What will be scraped
Using Google Lens API from SerpApi
If you don't need an explanation, have a look at the full code example in the online IDE.
from serpapi import GoogleSearch
import json
params = {
'api_key': '...',
'engine': 'google_lens',
'url': 'https://user-images.githubusercontent.com/81998012/210290011-c175603d-f319-4620-b886-1eaad5c94d84.jpg',
'hl': 'en',
}
search = GoogleSearch(params) # data extraction on the SerpApi backend
google_lens_results = search.get_dict() # JSON -> Python dict
del google_lens_results['search_metadata']

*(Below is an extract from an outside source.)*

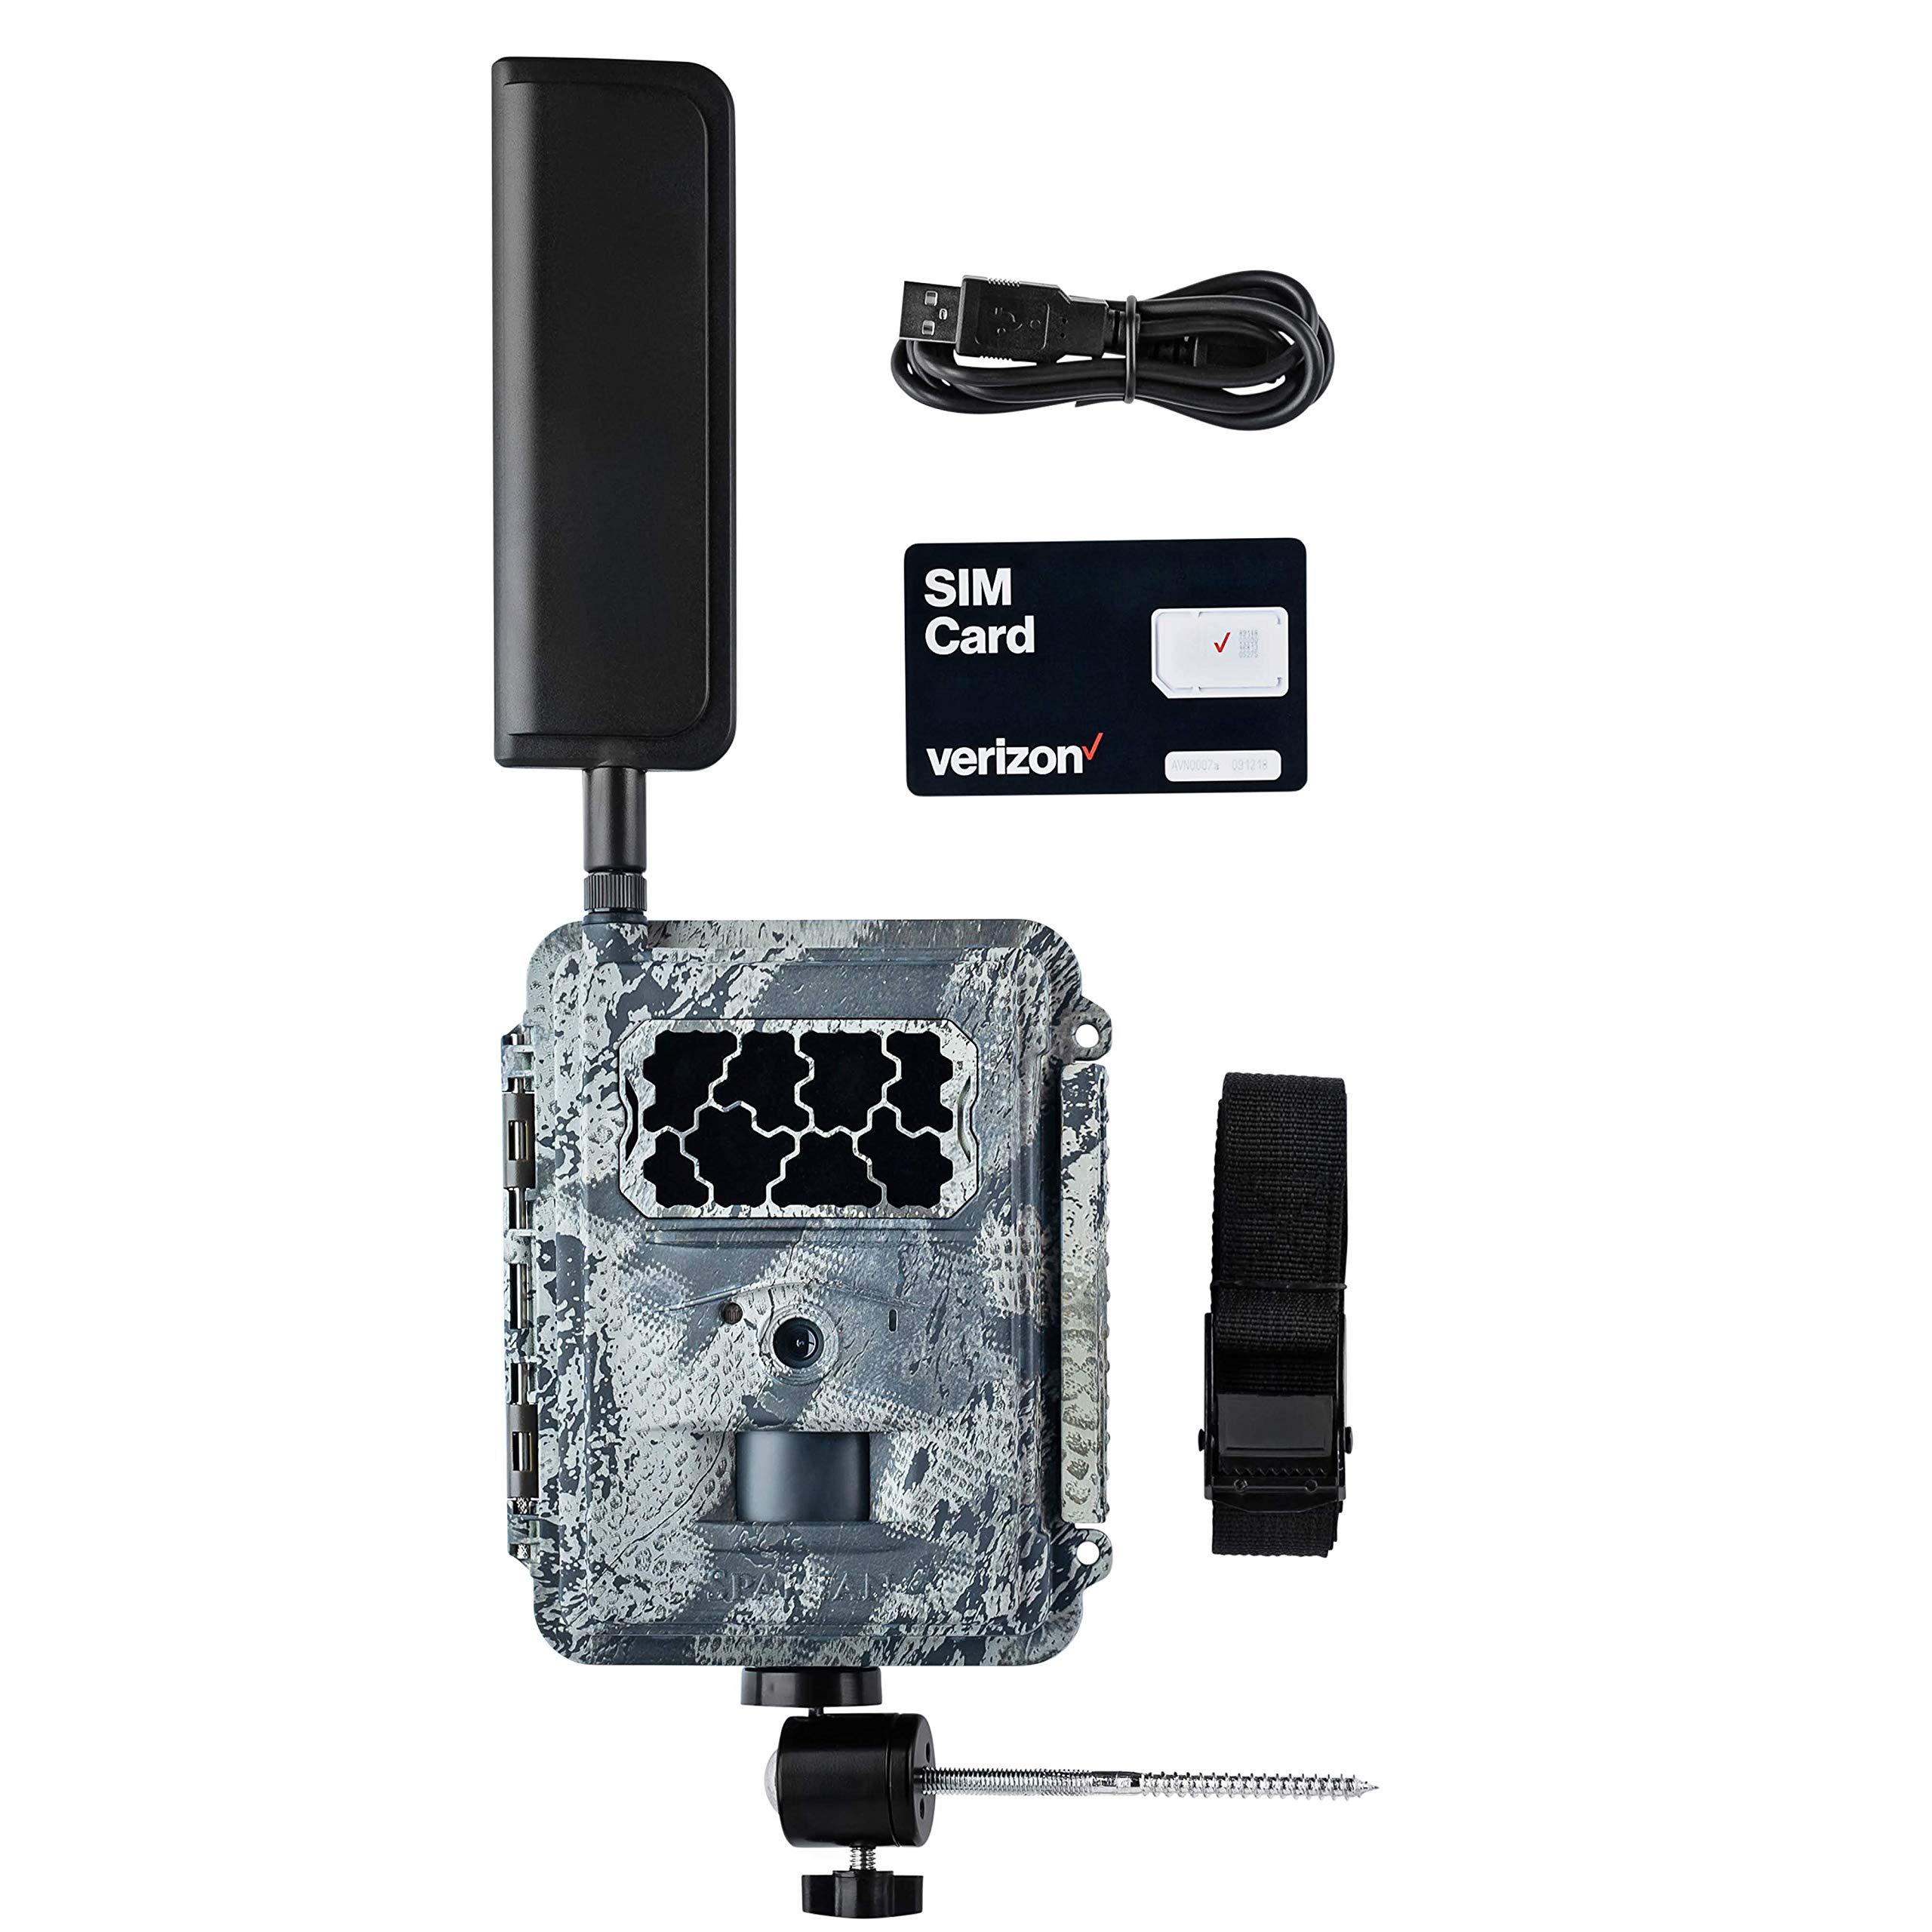 Spartan 4G LTE Wireless GoCam Trail Camera with Freedom Mount (Verizon LTE, Areus Camo Infrared)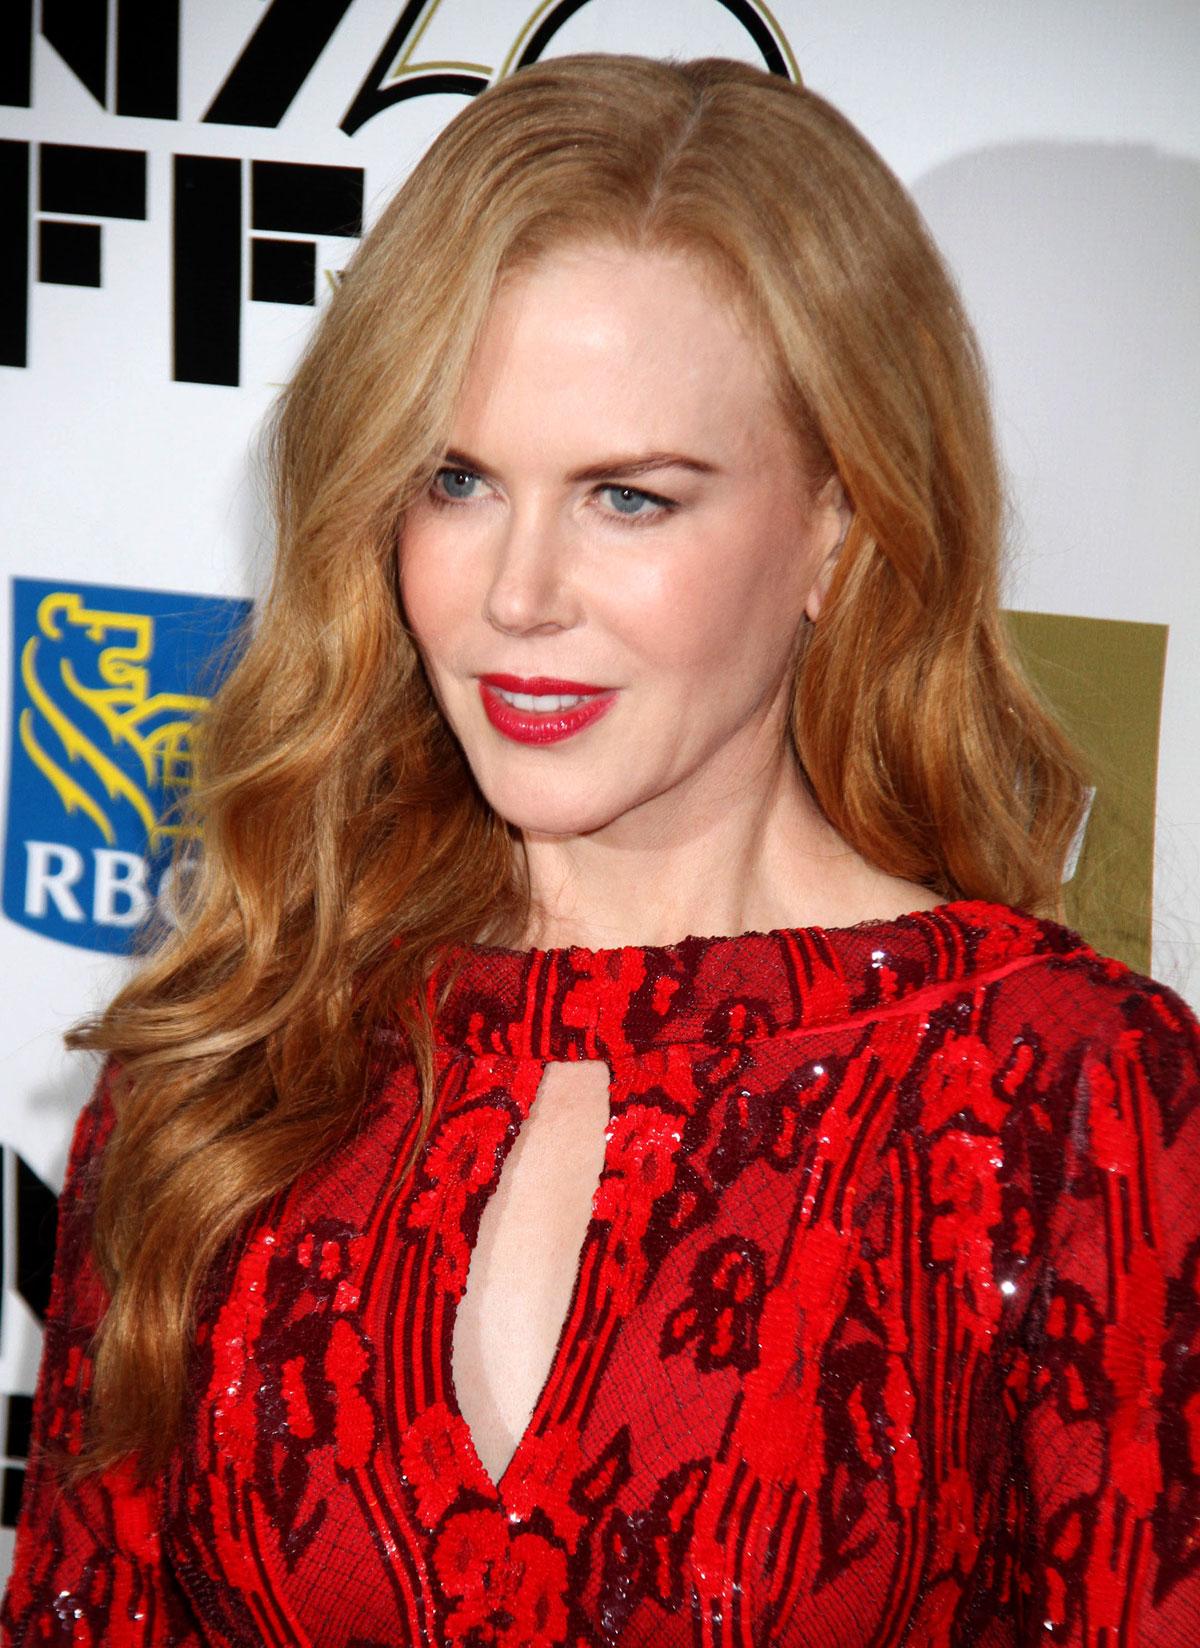 NICOLE-KIDMAN-at-Nicole-Kidman-Gala-Tribute-at-the-50th-Annual-New-York-Film-Festival-3.jpg

del google_lens_results['search_parameters']
print(json.dumps(google_lens_results, indent=2, ensure_ascii=False))
Why using API?
There're a couple of reasons that may use API, ours in particular:
- No need to create a parser from scratch and maintain it.
- Bypass blocks from Google: solve CAPTCHA or solve IP blocks.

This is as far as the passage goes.